- Instructions for the task: Each line in the records below, from the one that contains "Large Format Printer" to the one that contains "uxcell Uxcell O-630", should be reproduced exactly, the first and last included.

- Source material:

____

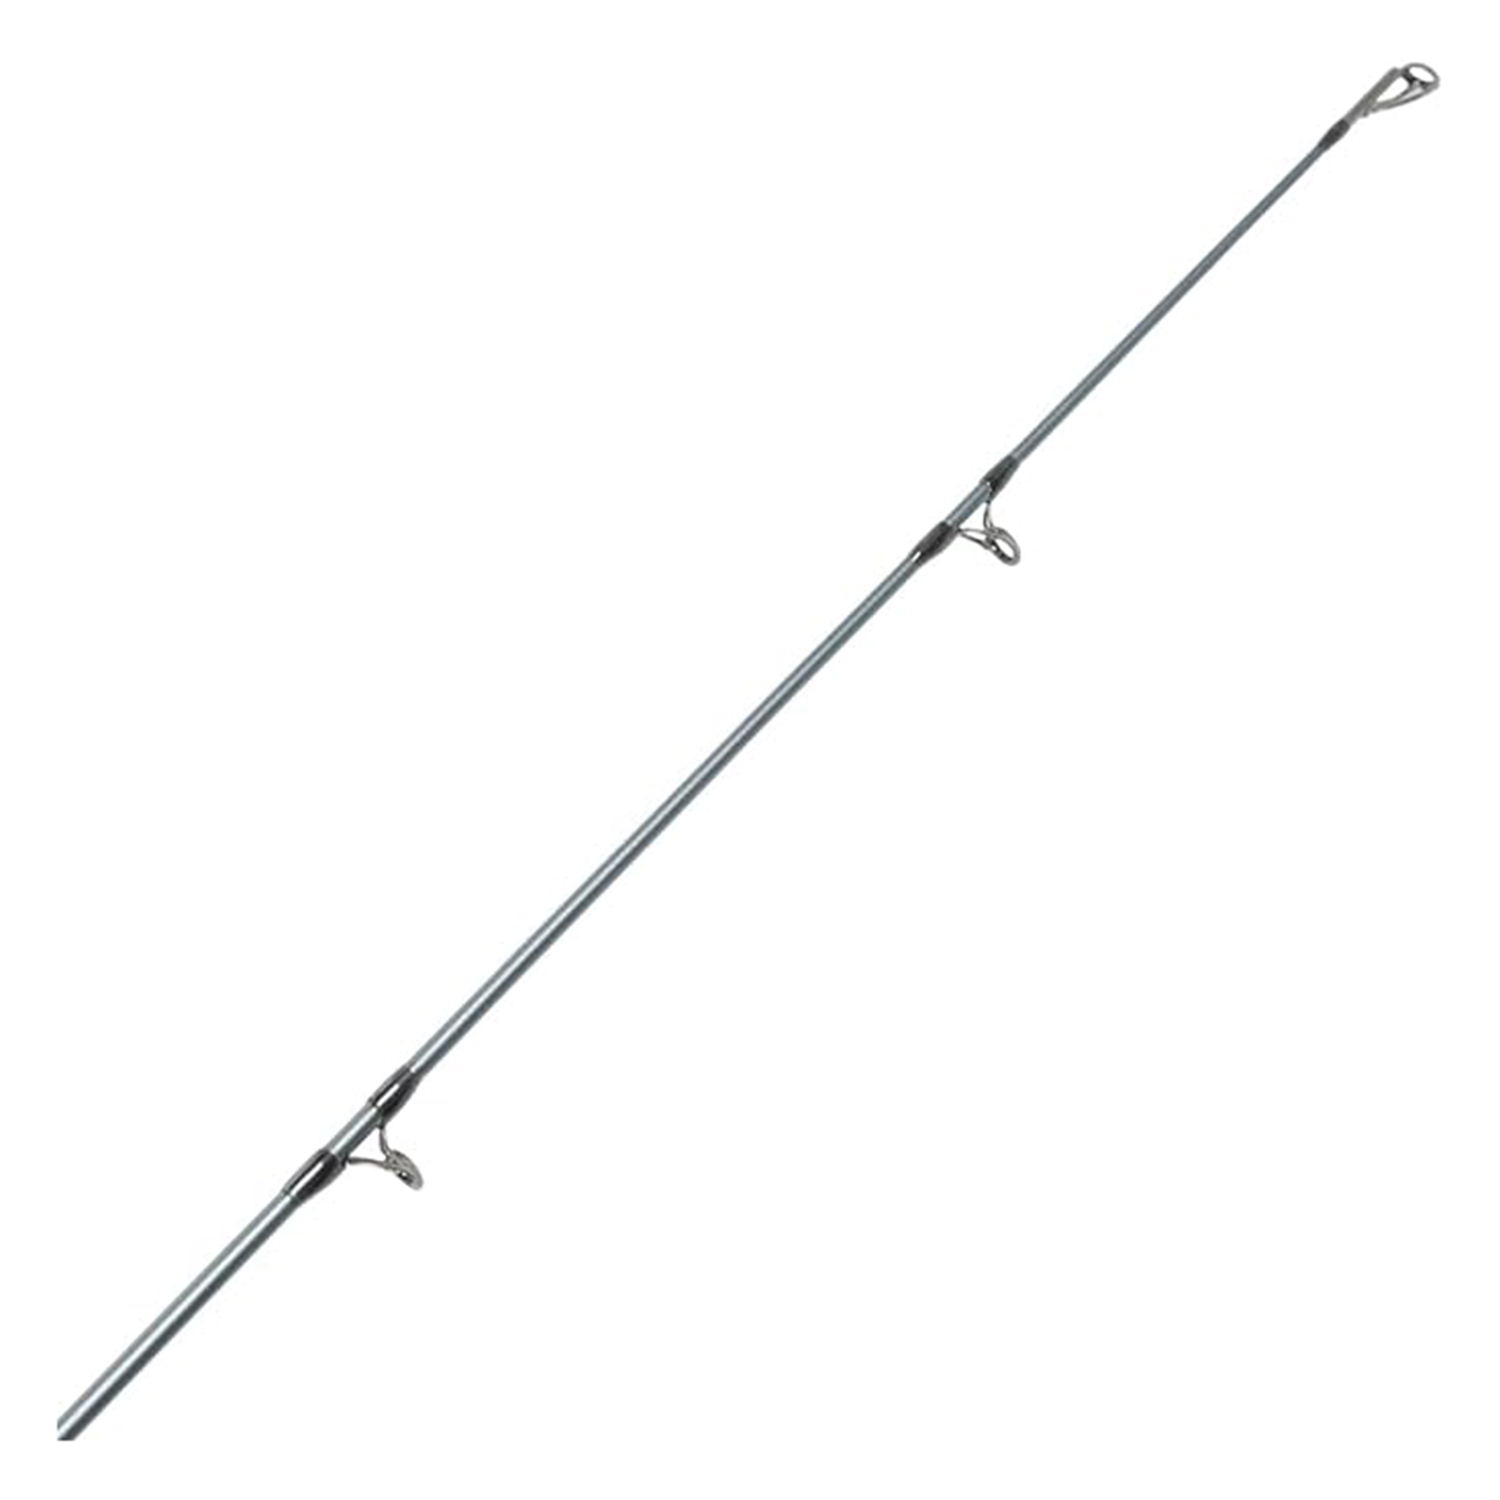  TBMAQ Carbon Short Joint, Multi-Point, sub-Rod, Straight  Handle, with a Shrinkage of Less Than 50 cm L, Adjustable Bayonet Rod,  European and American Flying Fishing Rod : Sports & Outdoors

____

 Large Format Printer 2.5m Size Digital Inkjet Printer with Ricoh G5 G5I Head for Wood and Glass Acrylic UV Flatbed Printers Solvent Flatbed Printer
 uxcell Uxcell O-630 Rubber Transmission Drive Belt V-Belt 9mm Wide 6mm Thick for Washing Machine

____

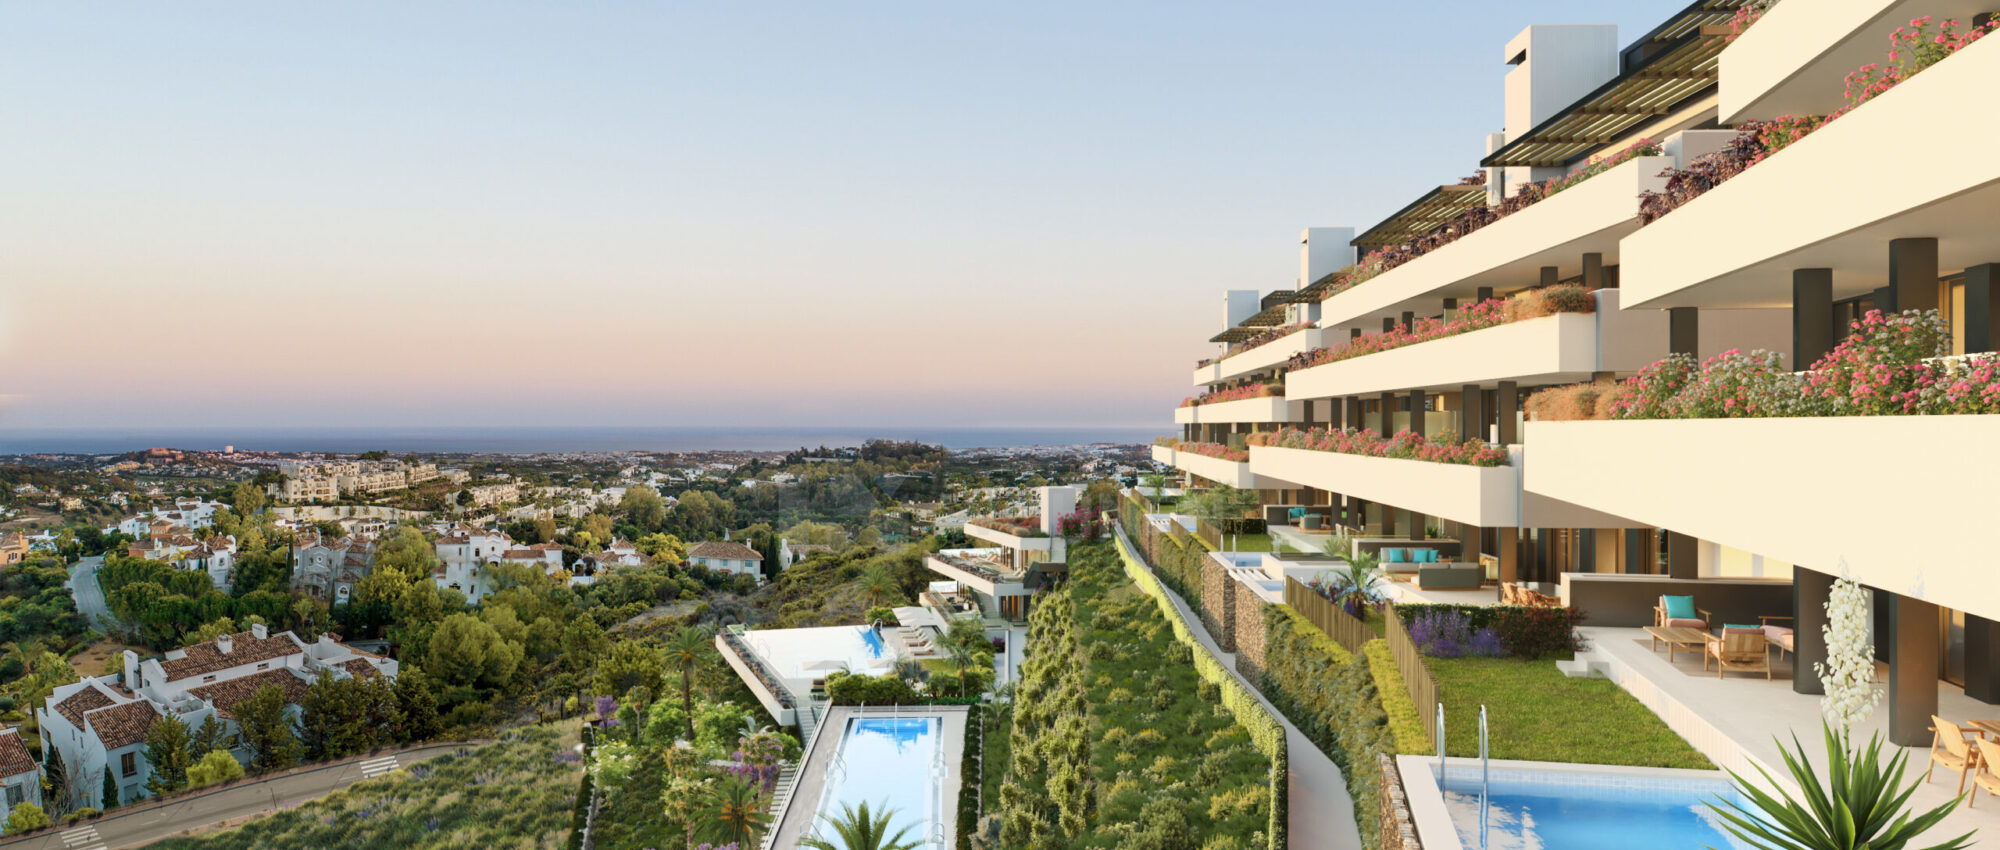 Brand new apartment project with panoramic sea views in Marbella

____

- Answer for the task:
 Large Format Printer 2.5m Size Digital Inkjet Printer with Ricoh G5 G5I Head for Wood and Glass Acrylic UV Flatbed Printers Solvent Flatbed Printer
 uxcell Uxcell O-630 Rubber Transmission Drive Belt V-Belt 9mm Wide 6mm Thick for Washing Machine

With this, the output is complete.